Pet-rearing cost tough for some families

By Frankie Webb

An 82-year-old Horowhenua tradition is under threat because of the high cost of rearing livestock.

The Boys and Girls Agricultural Club has been a highlight on the Horowhenua school calendar since 1930 but the recession put it in jeopardy.

"The cost of rearing an animal is making it difficult for some families," Horowhenua Club secretary Carol Christensen says. "It is costly to have a lamb if it is fed well and may cost about $100 in milk powder."

A common rule is to feed 10 per cent of body weight, so a 10kg lamb needs 250ml four times a day.

Christensen has noticed that it's less of an issue for some calf rearers. "Most come from dairy farms, which means they have free milk."

Judges noticed a difference at last year's club finals. Apart from condition and presentation, they judge leading, following and coming to call.

"Judges noticed the lambs were not as friendly as in the past," Christensen says. "It can be the result of early weaning," "The more feeds the more time the children spend with them, usually resulting in more responsive animals. We thought if no one was home at lunchtime to feed milk they could - after the lamb is 3 weeks old - leave lamb pellets."

Christensen says that they don't want children to replace a milk feed if they are home.

"If cost is a factor it may be a cheaper option, and even if they feed watered-down milk or even water near ag days it would keep that bond going."

To be eligible, lambs must not be born before July 15 and calves must be born between July 1 and August 31. Group finals are judged at Horowhenua AP&I; Showgrounds in November.

"That means they are fed for up to four months," Christensen says.

Levin Farmlands manager Sue Haglund hasn't noticed much of a drop in the number of people rearing calves and lambs this season but believes some are weaning earlier.

"If you have a lamb you're ideally looking at up to 15kg of milk powder, then you have lamb pellets as well," she says. The cost of 15kg of milk powder for lambs is in excess of $100 and pellets are about $15 a bag.

"Calves are usually weaned at about 60kg, when they're eating 2kg of meal a day," Haglund says. "You are probably looking at about $280 to rear a calf."

Dairy farmers usually return calves to the herd after the grand finals. Entries for this year's competitions are comparable with past years.

"Schools run their own days for initial judging of calves, lambs, kids and flower or vegetable gardens," Christensen says.

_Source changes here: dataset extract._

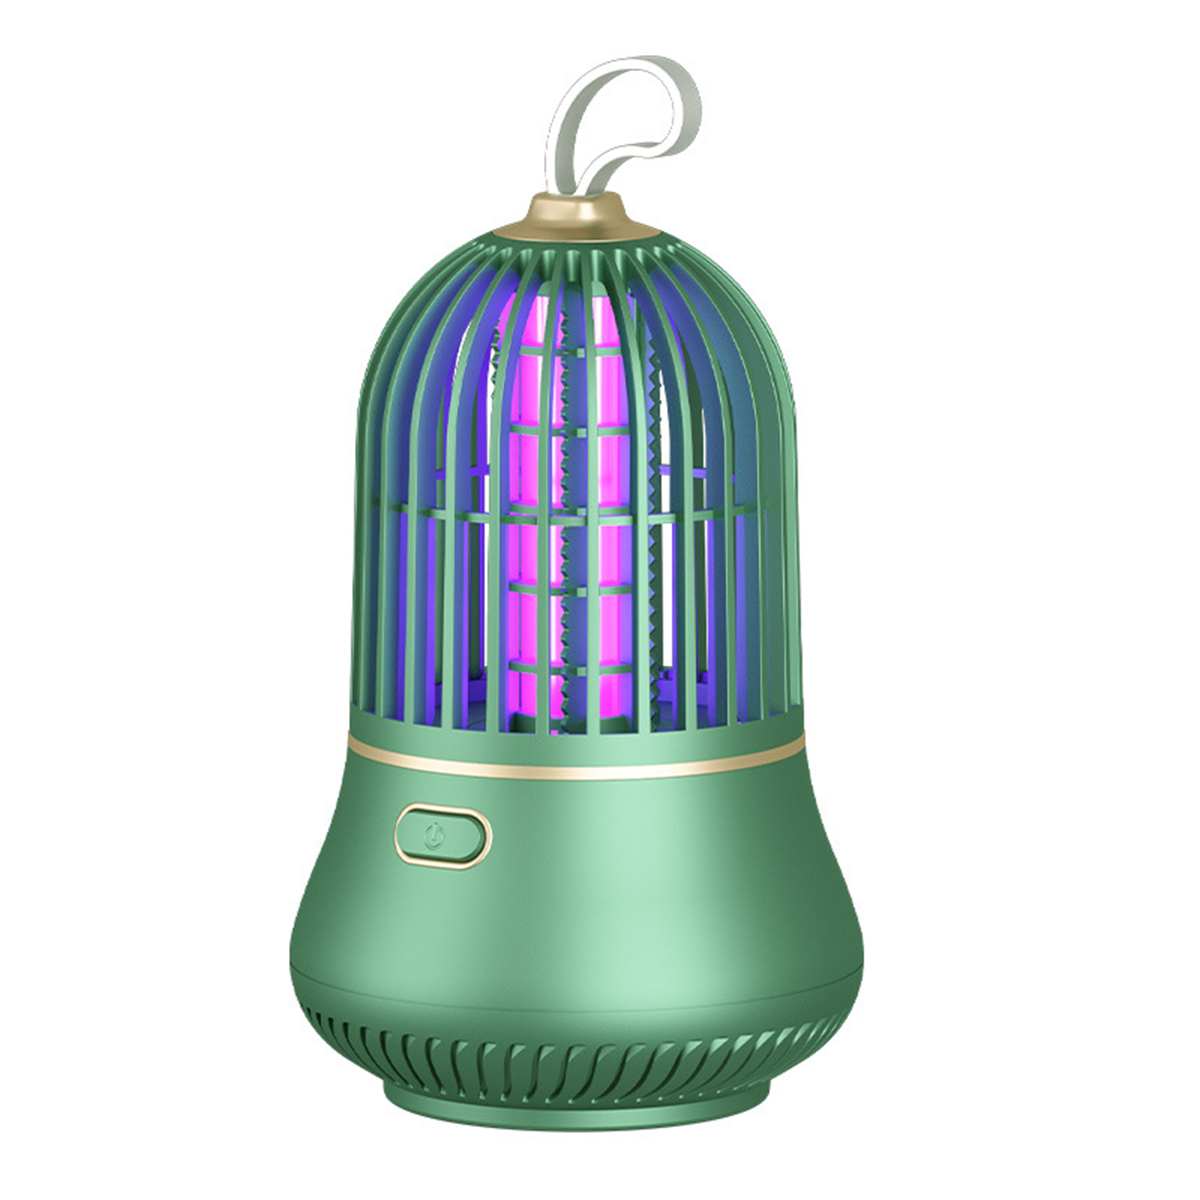 und BRIGHTAKE Lampe Schädlingsbekämpfung Killer effektive Insektenvernichter für USB-LED leise Moskito
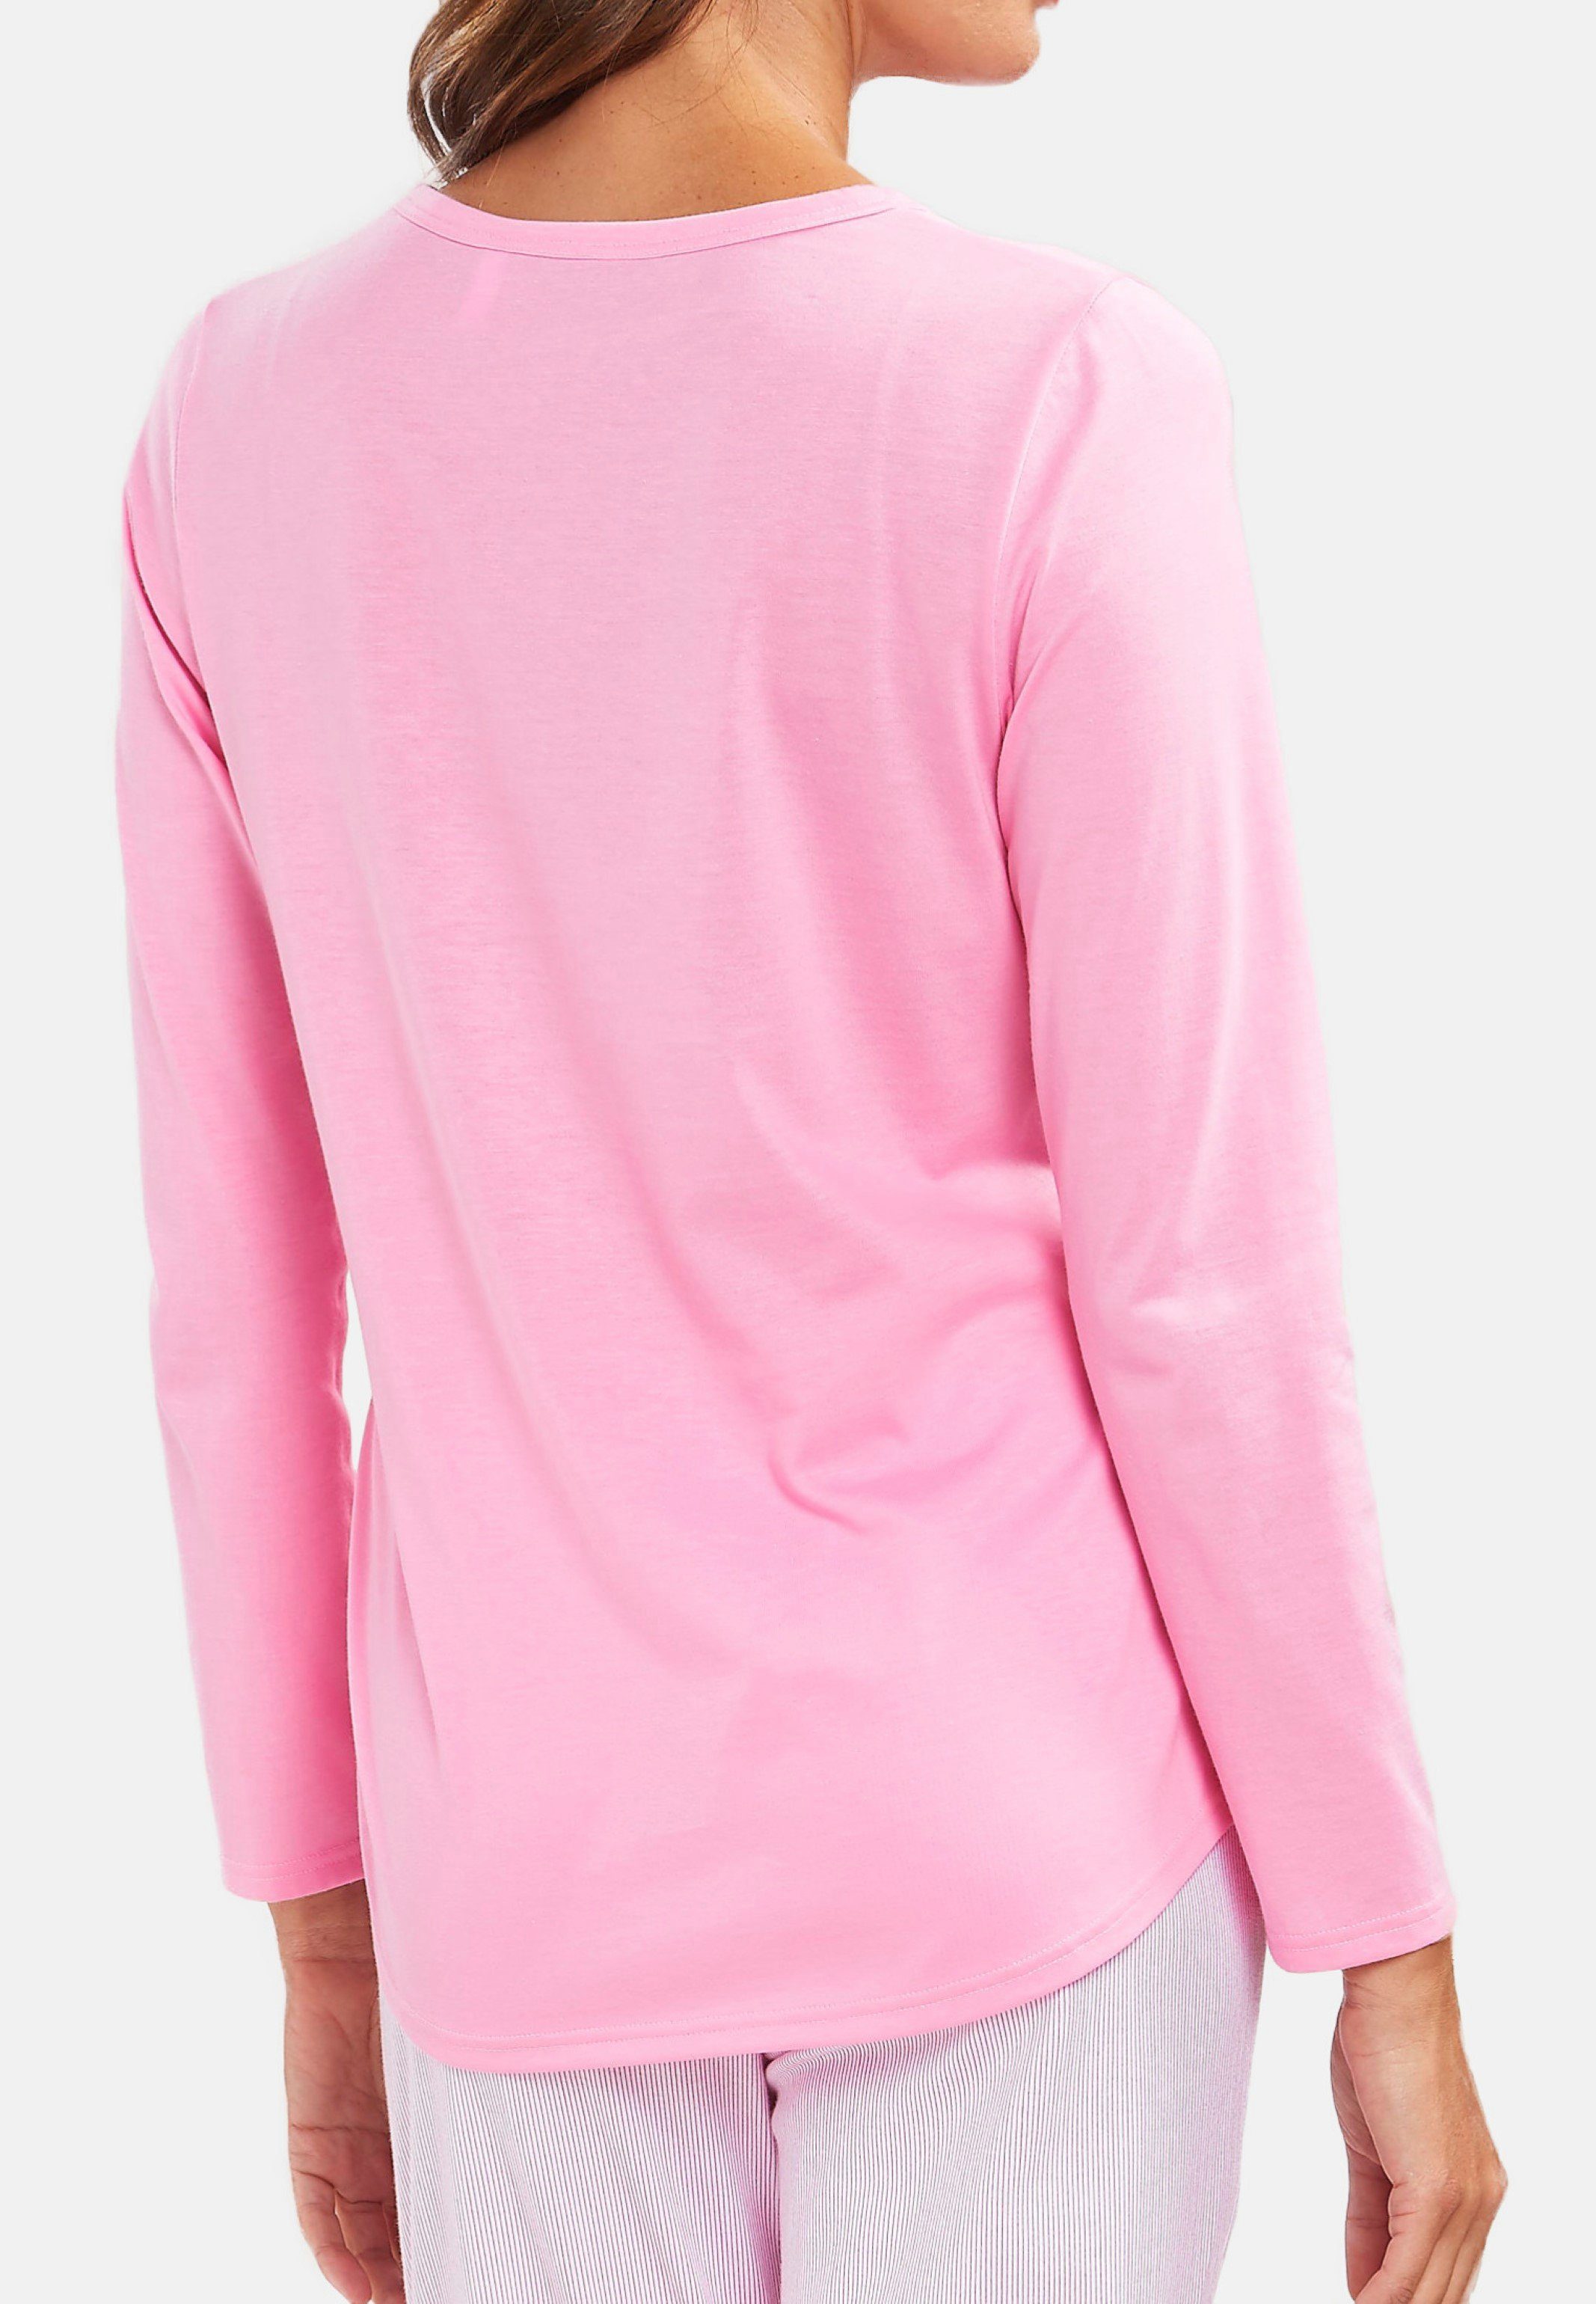 - Schlafanzug Aurora (1-tlg) Pyjamaoberteil - Shirt Hochwertig Baumwolle Rösch Pink verarbeitet Basic langarm

"This year we have around 300 entries, which is usual. "The club has sponsorship to cover the supply of ribbons, pennants and certificates for these events."

Children who successfully complete a number of projects over a few years receive a brass badge.

"The changing demographics in our region and the rising cost to raise these animals has at times threatened this long-running tradition, but year after year the wonderful children and parents who support them, keep entering," Christensen says.

"Children get so much out of having these pets, I hope the parents continue to support this."